Devrimin, değişimin ülkesi Küba...
Küba devrimin yurdu... Ancak günümüzde ‘Değişimin Ülkesi’ olarak anılıyor. ‘1950’lerin o muhteşem Amerikan arabaları, duvarları grafitilerle süslü tam bir renk cümbüşü içindeki sokakları, çiçek satan ve fal bakan kadınları, zarif ellerde sarılmış puroları, sabah kahvaltısında dahi içilebilen mojitoları, devrime gönül veren yürekleri ve eşsiz müzikleriyle artık tarih olacak endişesiyle turistlerin, seyahat programlarını değiştirerek öncelik sırası verdiği bir ülke halini almış durumda.
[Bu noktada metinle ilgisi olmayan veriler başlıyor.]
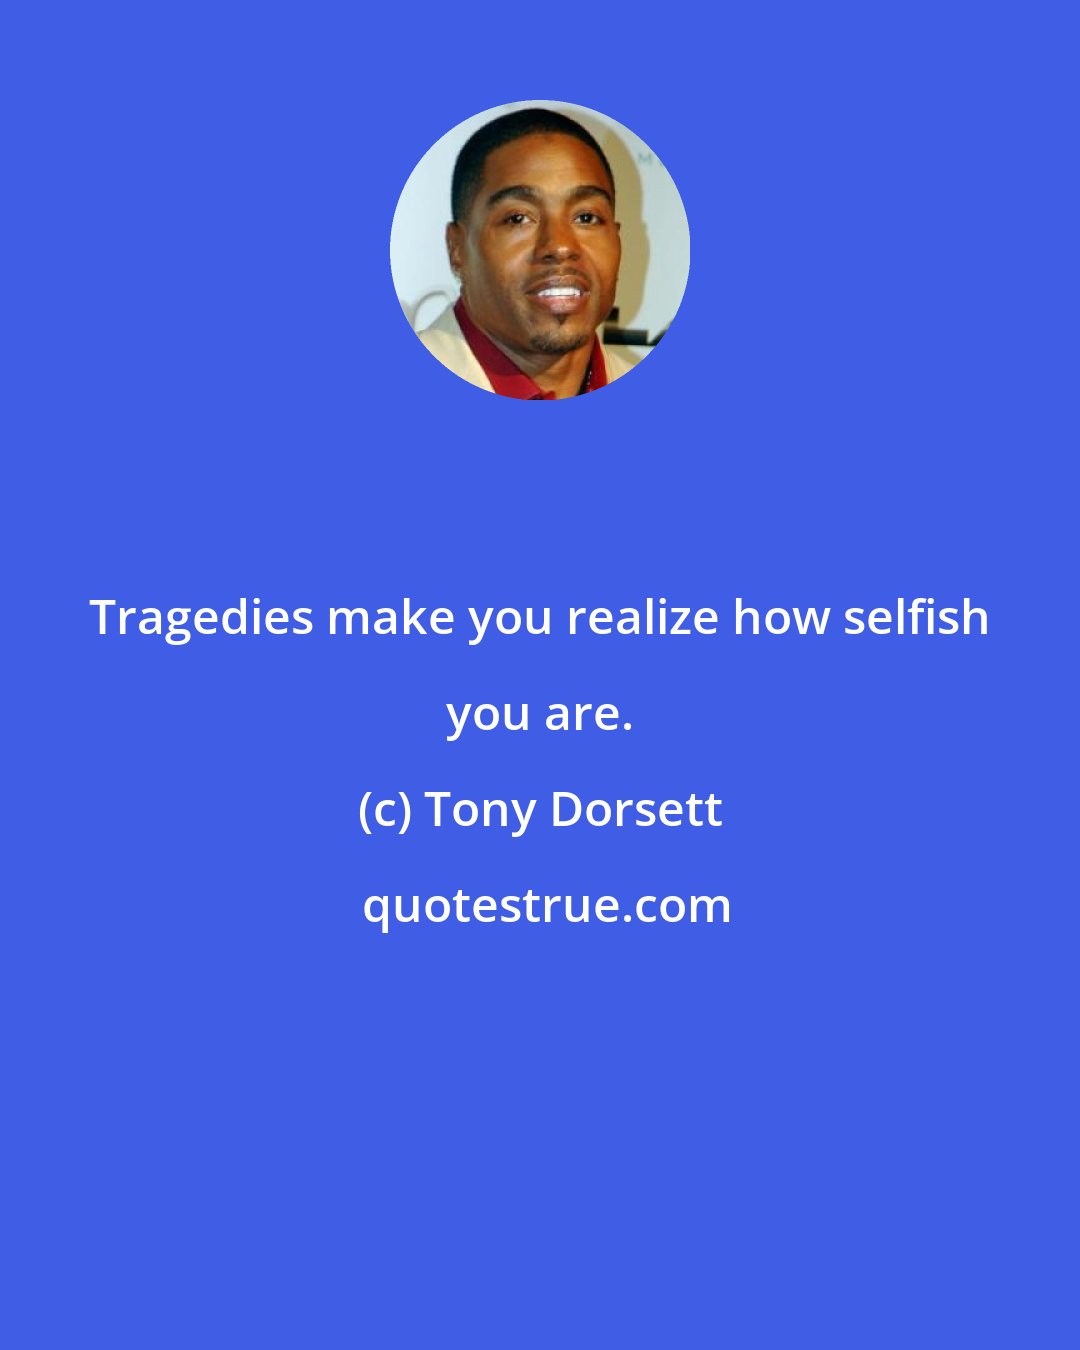 Tony Dorsett: Tragedies make you realize how selfish you are.

Küba’ya defalarca seyahat etmiş biri olarak, bu değişimden kaygılı bir şekilde ben de bir kez daha yollara düştüm. Ülkenin içinde bulunduğu koşullar göz önüne alındığında fazla şaşılacak bir durum olmasa da, konaklama seçeneklerinin beklenilen düzeyde olmaması, beni bir süredir farklı arayışlara itiyordu. Çözümü, Panorama isimli mega yelkenli ile kıyıları dolaşmakta, liman liman ülkeyi keşfetmekte buldum.
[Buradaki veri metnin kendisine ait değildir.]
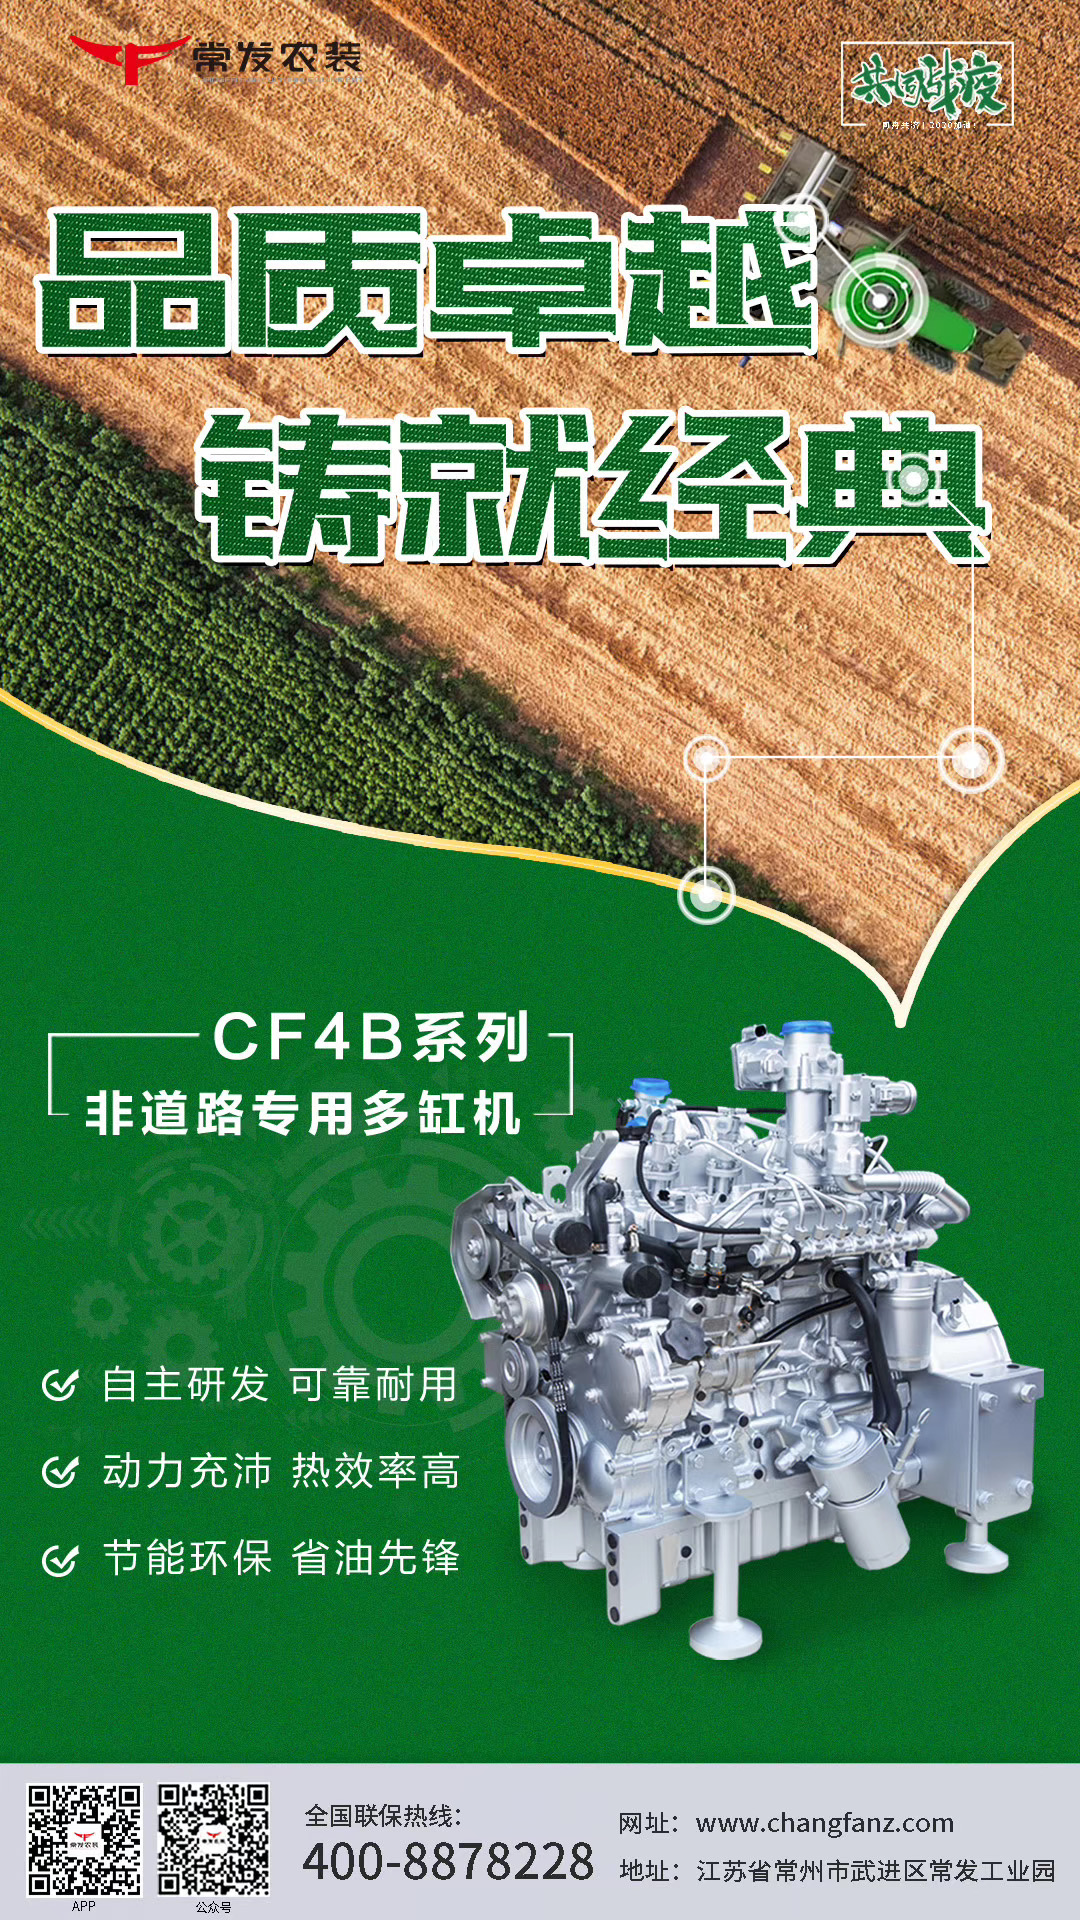 CF4B系列非道路专用多缸机.jpg

Bu vesileyle, hem bakımsız hem de gereksiz pahalı otellerde tatil yapmaktan kurtuldum. Eskiden beri deniz yolculuklarını seven ve defalarca Karayipler’i büyük yolcu gemileriyle deneyimlemiş biri olarak, bu yolculuktan ayrı bir keyif aldığımı söylemeliyim. Biz denizde usul usul ilerlerken Küba kıyılarının uzaktan, ışıklar içinde parlayışı bir başkaydı doğrusu...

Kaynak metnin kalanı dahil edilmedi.